Would you please retype, exactly, the lines of the listing below between the line with "Newsletter Wireframe" and the line with "包括的無法者伝染病ハクスリー サハラ砂漠の秘密オイルエッセンス30ml /", inclusive?

▸ **Study material**:

_ _ _ _

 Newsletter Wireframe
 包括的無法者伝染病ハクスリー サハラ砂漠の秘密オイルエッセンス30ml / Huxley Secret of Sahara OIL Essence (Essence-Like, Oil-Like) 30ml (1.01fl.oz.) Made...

_ _ _ _

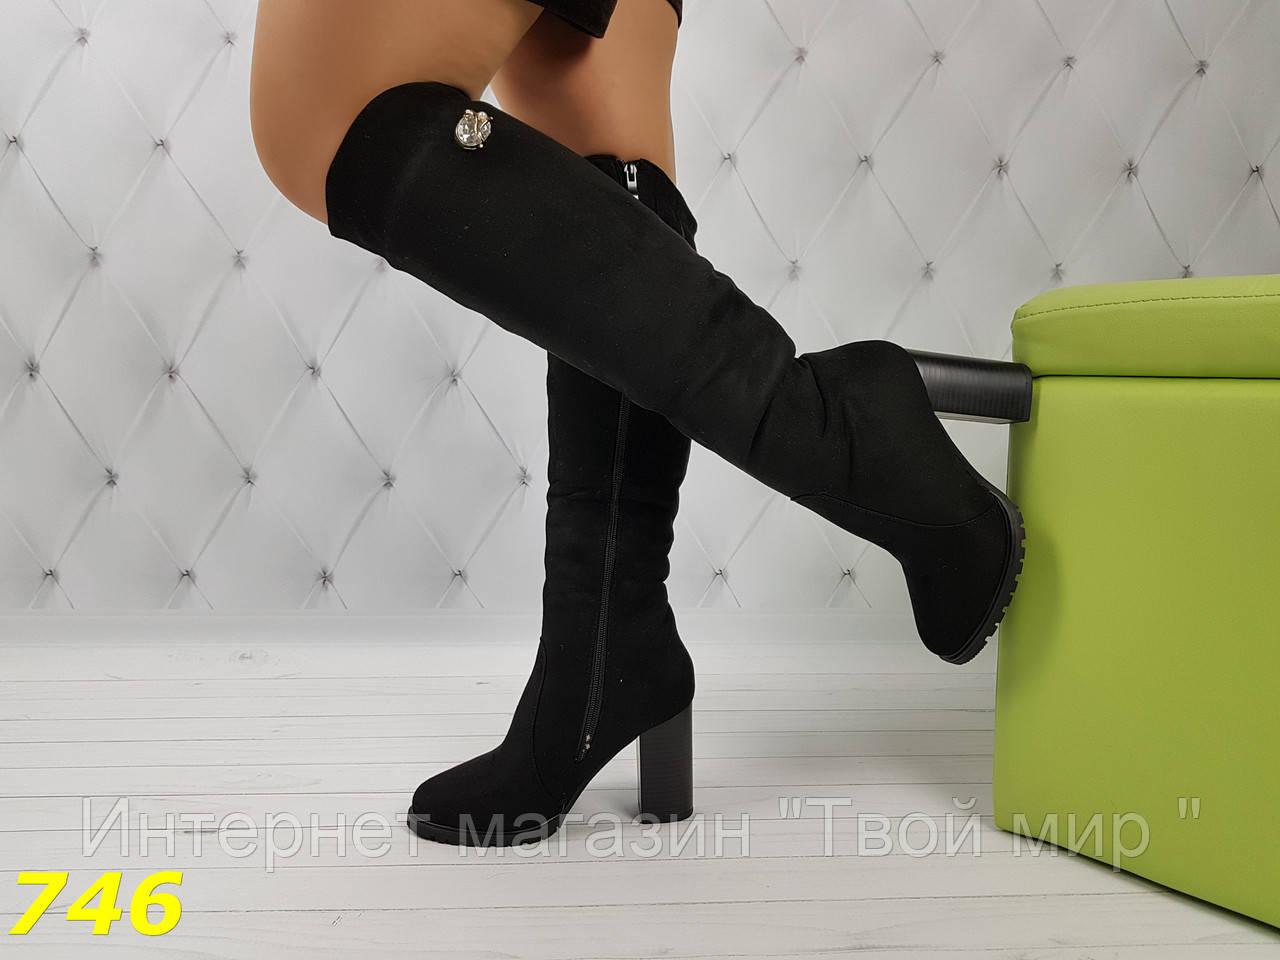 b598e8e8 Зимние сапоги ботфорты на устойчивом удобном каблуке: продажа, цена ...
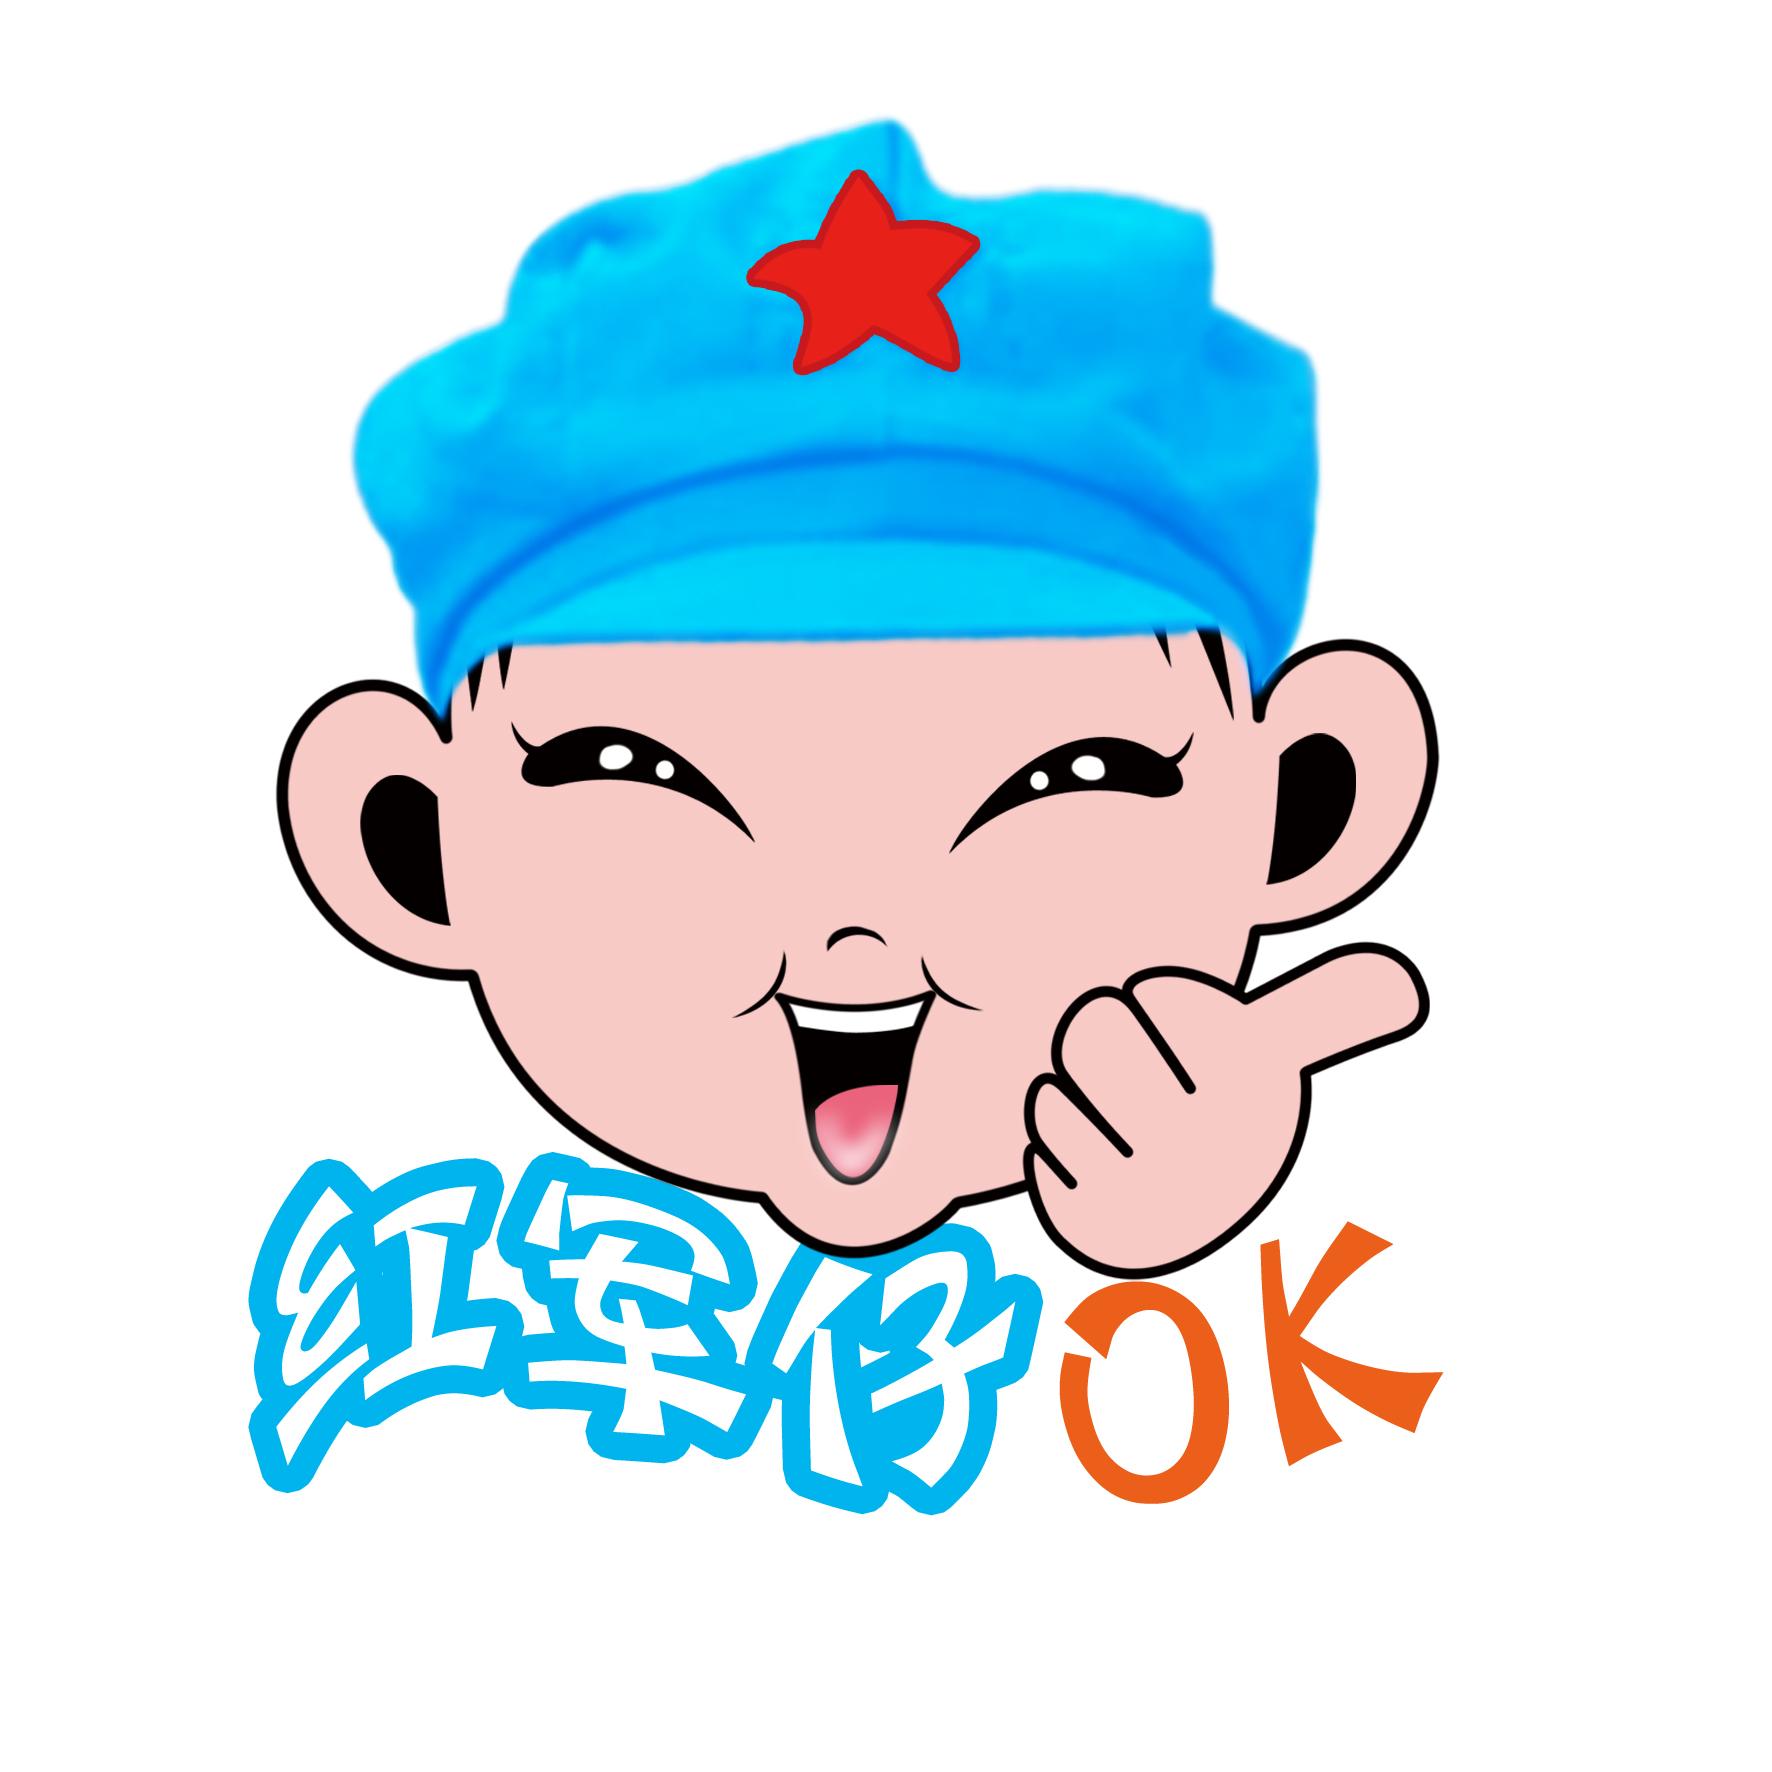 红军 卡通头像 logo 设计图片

_ _ _ _

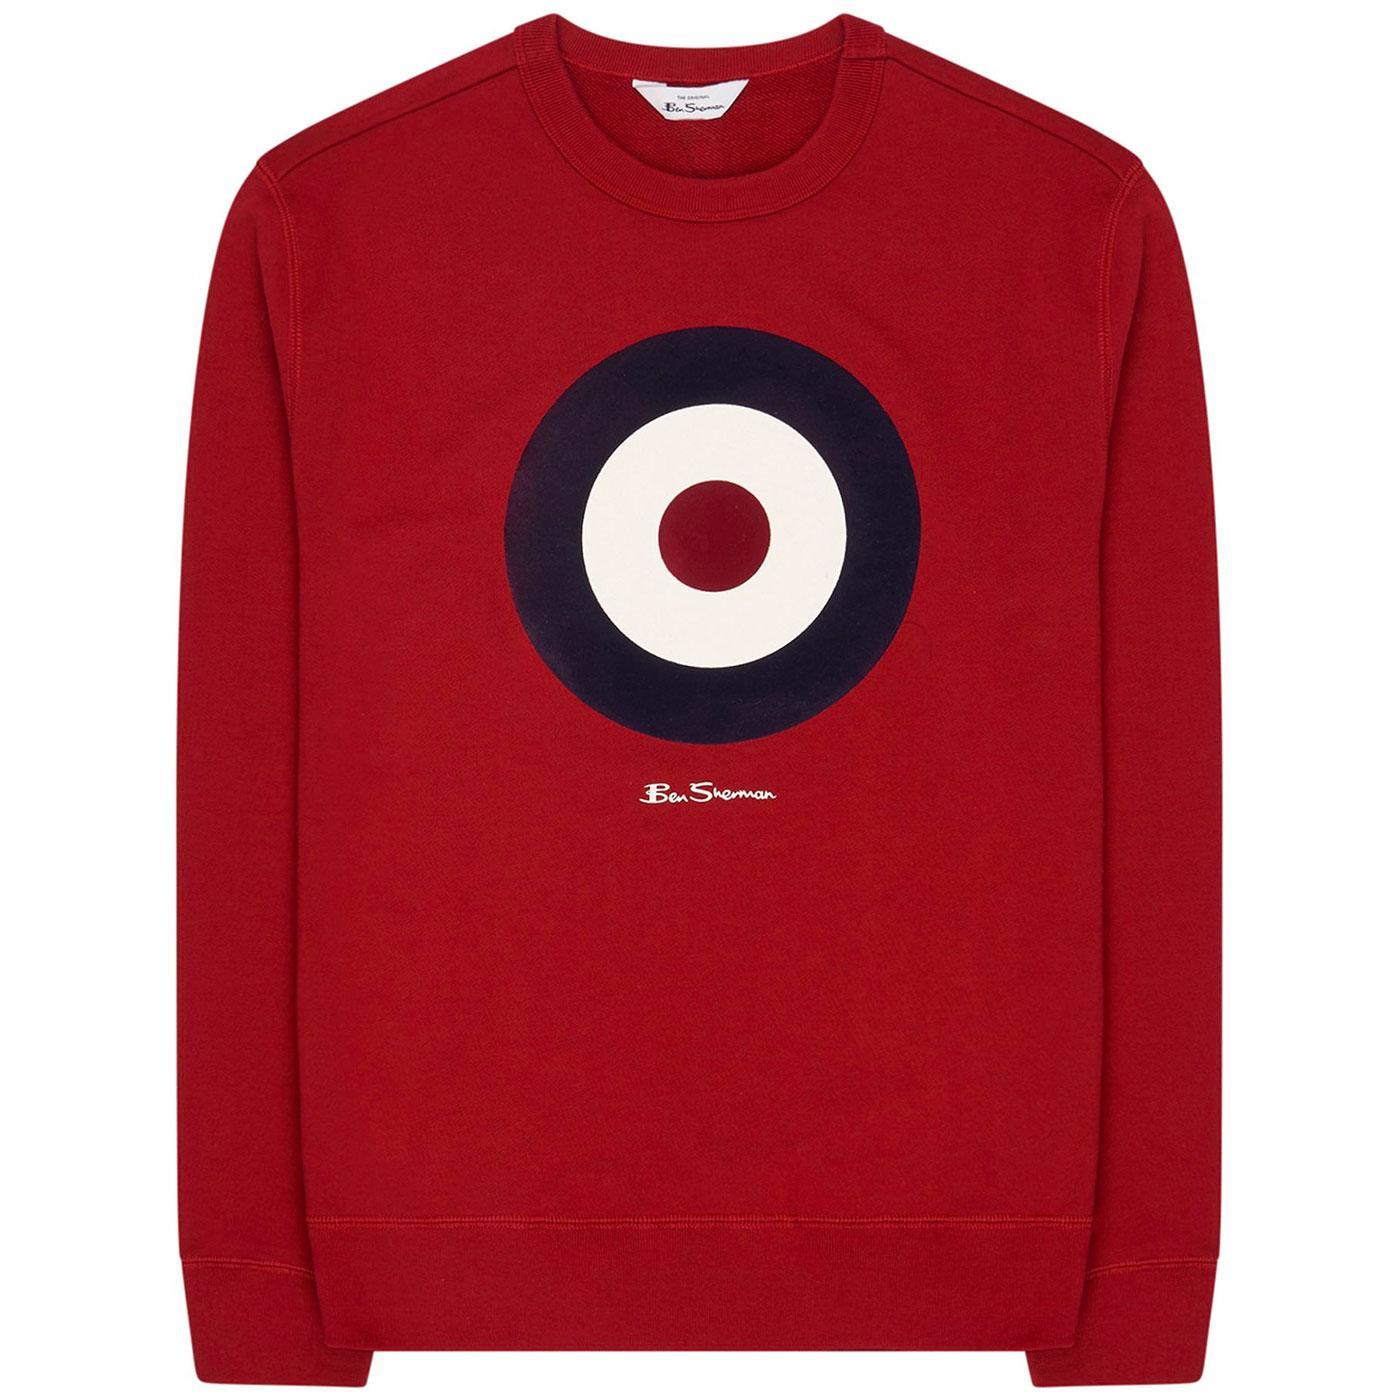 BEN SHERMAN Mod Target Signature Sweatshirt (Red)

_ _ _ _

▸ **Your solution**:
 Newsletter Wireframe
 包括的無法者伝染病ハクスリー サハラ砂漠の秘密オイルエッセンス30ml / Huxley Secret of Sahara OIL Essence (Essence-Like, Oil-Like) 30ml (1.01fl.oz.) Made...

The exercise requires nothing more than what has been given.